CorpBanca and Itaú Unibanco announced that they have entered into a definitive agreement to merge CorpBanca and Banco Itaú Chile in a stock-for-stock transaction. The transaction will create a new Chilean Bank that will operate under the Itaú name. Through this merger, Itaú Unibanco and CorpBanca will combine their banking businesses in Chile and Colombia to create an Andean banking platform.

Following the closing of the transaction, Itaú Unibanco and CorpGroup will sign a shareholders’ agreement to determine aspects related to corporate governance, transfer of shares and liquidity among others. The new Chilean Bank will control CorpBanca ́s and Itaú Unibanco ́s Colombian subsidiaries.

This transaction is subject to regulatory approvals from the Brazilian, Colombian, Chilean, Panamanian and United States regulators and also subject to Banco Itaú Chile’s and CorpBanca’s shareholders’ approval.

If approved, CorpBanca’s current shareholders will own 66.42% of the bank resulting from the merger of CorpBanca and Itaú Chile while Itaú Unibanco will own the remaining 33.58%. Prior to the closing of the merger, Itaú Unibanco will make a US$652 million equity infusion into Itaú Chile. Management expectsto receive all required approvals by the end of the fourthquarter of 2014. CorpBanca anticipate that closing will occur shortly following the receipt of all required regulatory approvals.

CorpBanca will be the surviving entity. Under the merger agreement, Itaú Unibanco will exchange all of the shares of Banco Itaú Chile in exchange for 172,048MM newly issued shares in CorpBanca, representing a 33.58% direct stake ofthe Chilean Bank immediately following the closing. Following the closing, the new Chilean Bank will acquire and control 100% of Itaú Colombia.

Key corporate governance terms to be included in the shareholders’ agreement are related to the Board of Directors and senior management teams. The Board of Directors of the new Chilean Bank will be comprised of 11 directors and 2 alternate directors, while the Board of Directors of the Colombian bank will be comprised of 9 directors. CorpGroup will be entitled to appoint the Chairman of the Board of directors. CorpGroup expects to appoint Mr. Jorge Andrés Saieh to serve as Chairman of the new Board of Directors in Chile as of the closing.
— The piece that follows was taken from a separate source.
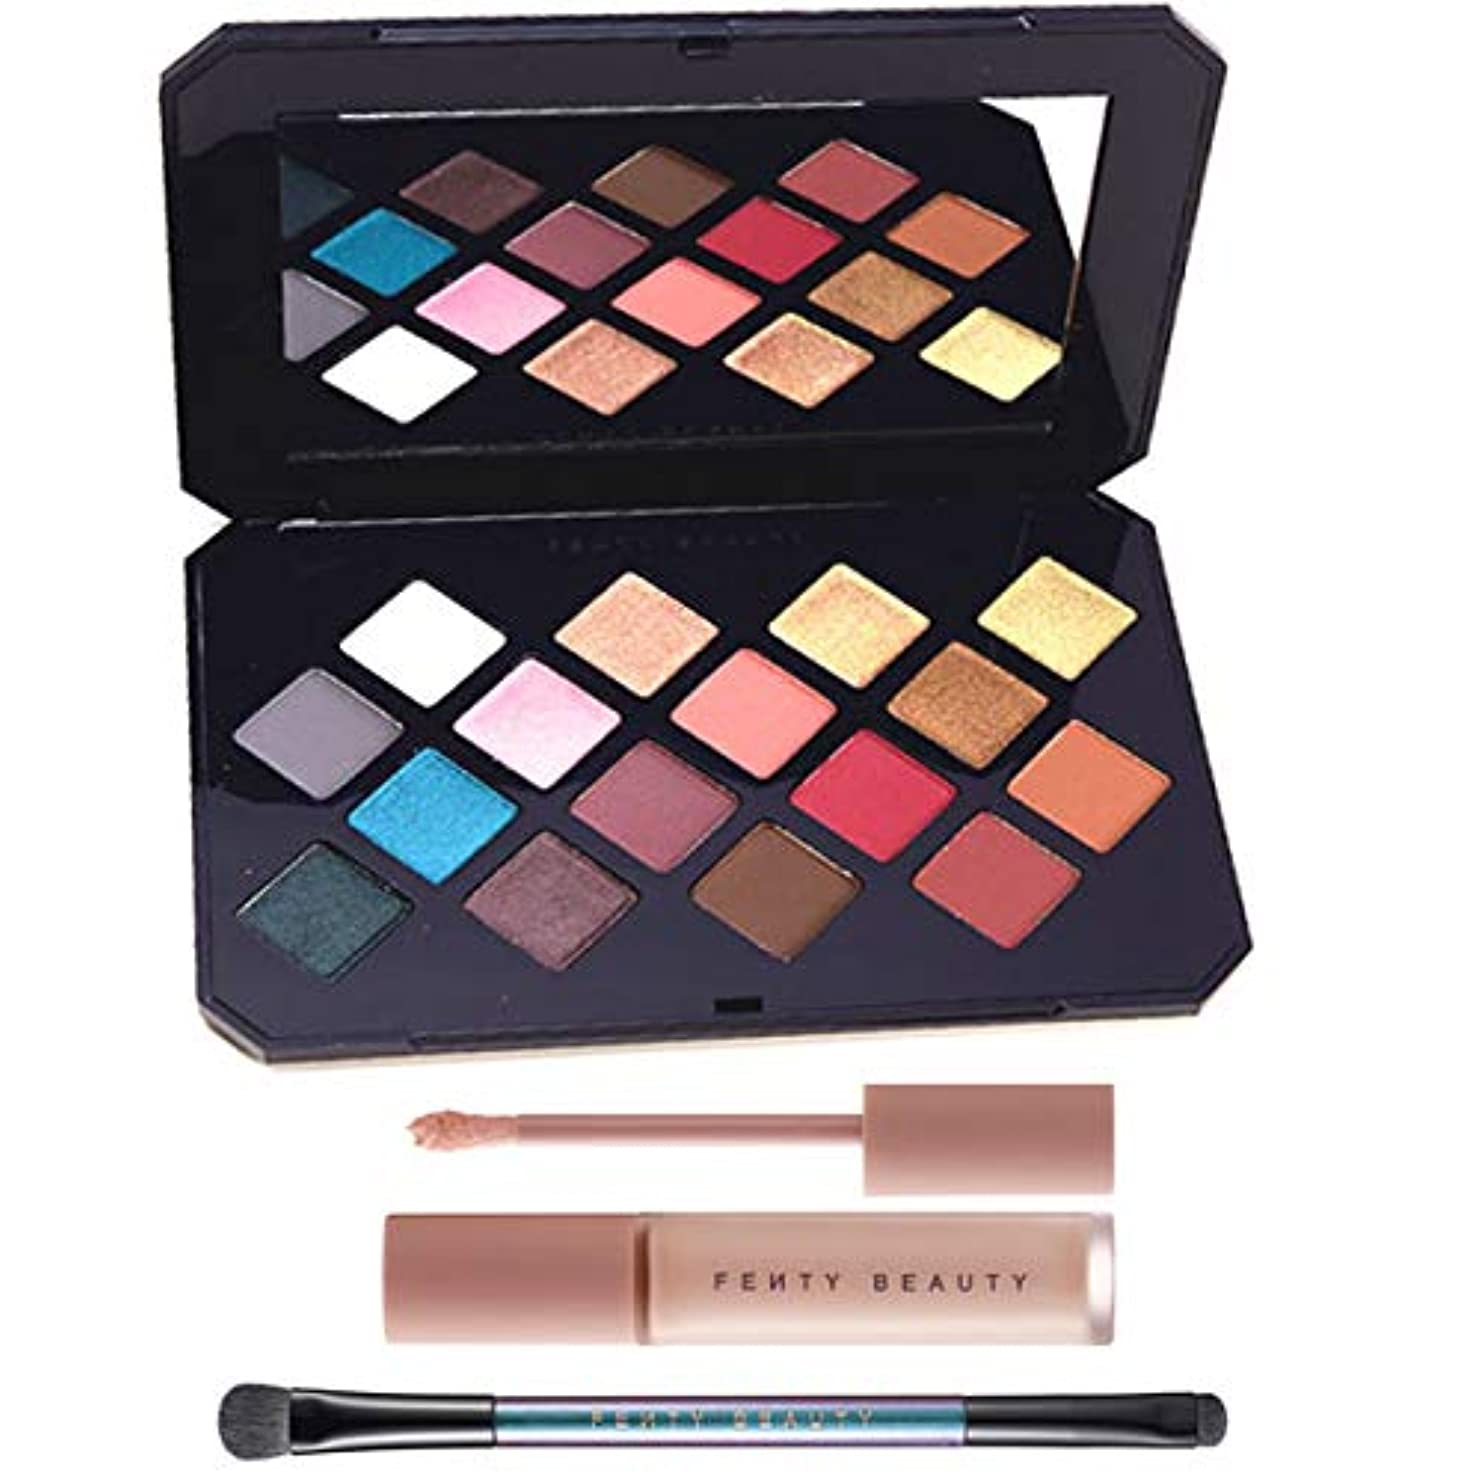 FENTY BEAUTY BY RIHANNA, Moroccan Spice Eyeshadow Palette & Eye Essentials [海外直送品] [並行輸入品]

The Chief Executive Officer of the new Chilean Bank will be appointed by Itaú Unibanco. Mr. Boris Buvinic, current CEO of Itaú Chile, is expected to be appointed as CEO of the new Chilean Bank effective as of the closing. Mr. Fernando Massú, current CEO of CorpBanca,will become a member of the new Board of Directors. Other senior management members will be appointed by the Board of Directors following recommendation of the Management and Talent Committee.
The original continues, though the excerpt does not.